Did a quick search and it looks like 56" is what is used on that bow, and you can get strings from 3 rivers or click on the top of the page for Lancaster archery supply.


----------



## TheOldNewbie (Mar 31, 2012)

http://www.archerytalk.com/vb/showthread.php?t=307093

http://www.archerytalk.com/vb/showthread.php?t=946531

Do a search for "ben pearson super jet bow 3350 string length" and you might find more info.
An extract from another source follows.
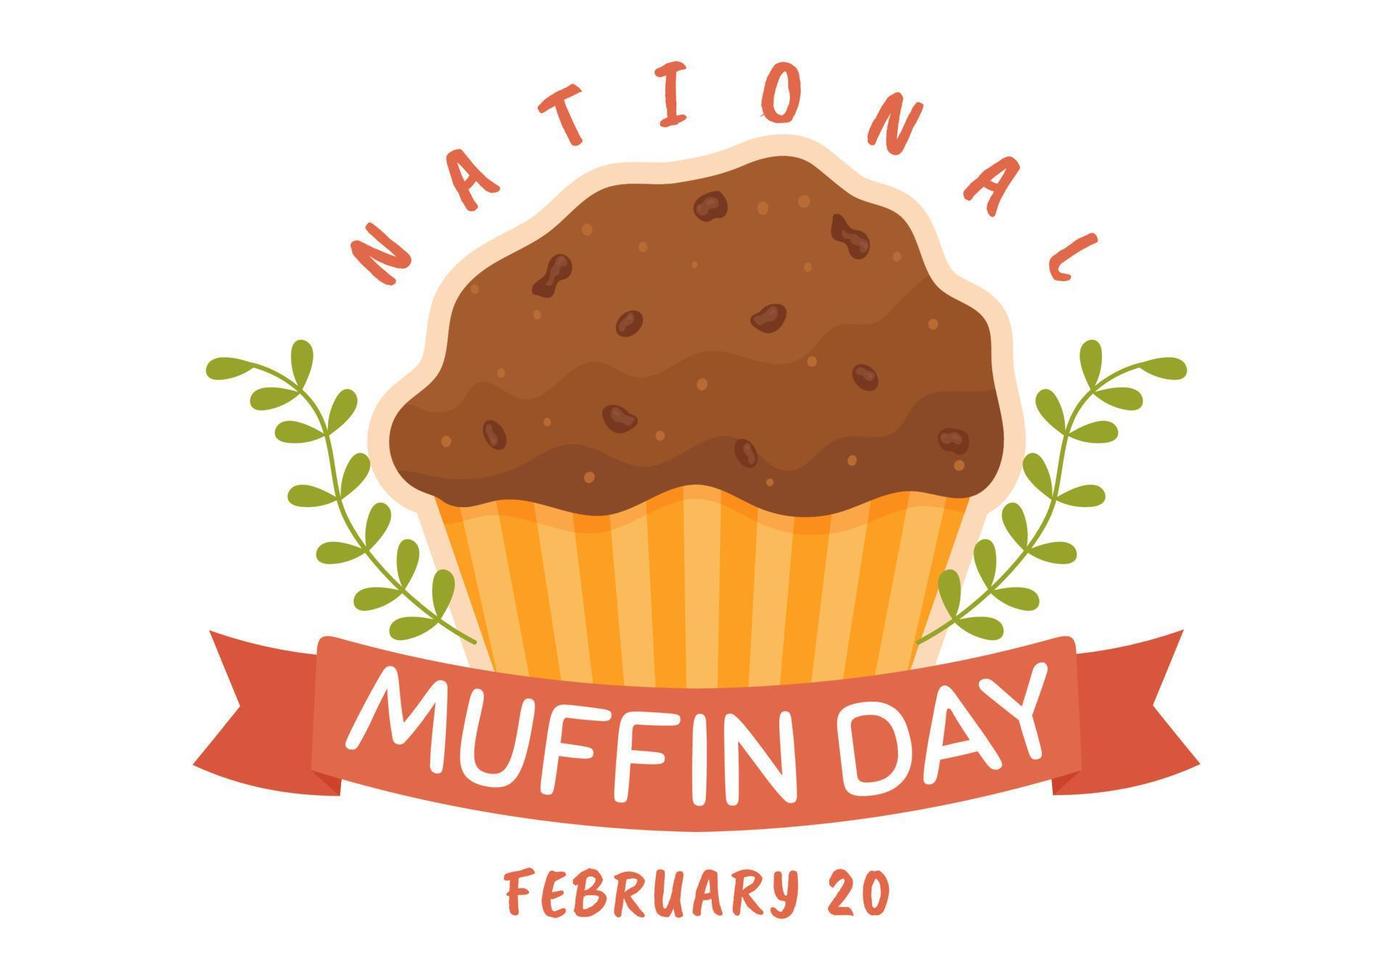 journée nationale des muffins le 20 février avec des muffins classiques aux pépites de chocolat délicieux en dessin animé plat illustration de modèle dessiné à la main vecteur

Edit: Darn, 2 minutes late.


----------



## northern boy (Aug 25, 2010)

I Have that bow a 56" string will fit it. That is a all fiberglass bow if you use b-50 you will get a lot of handshock an slower speed. I highly reccommend a modern string for the bow will help with speed an gets rid of most of the handshock. Modern string is like d-97 d-10 8125 or anything else. They shoot pretty good with right string also try to match string serving size to arrows.


----------



## deer2eat (Mar 22, 2011)

Thanks everyone for the helpful post.



northern boy said:


> I Have that bow a 56" string will fit it. That is a all fiberglass bow if you use b-50 you will get a lot of handshock an slower speed. I highly reccommend a modern string for the bow will help with speed an gets rid of most of the handshock. Modern string is like d-97 d-10 8125 or anything else. They shoot pretty good with right string also try to match string serving size to arrows.


Northern Boy, you have this bow and you shoot a 56" string on it. If it is a 60" bow and I use this rule of thumb to subtract 3" and that is the string length, why would this one be 56"? I am new to traditional archery and wish to learn! Hope you can expand. Is it just the make of this one? 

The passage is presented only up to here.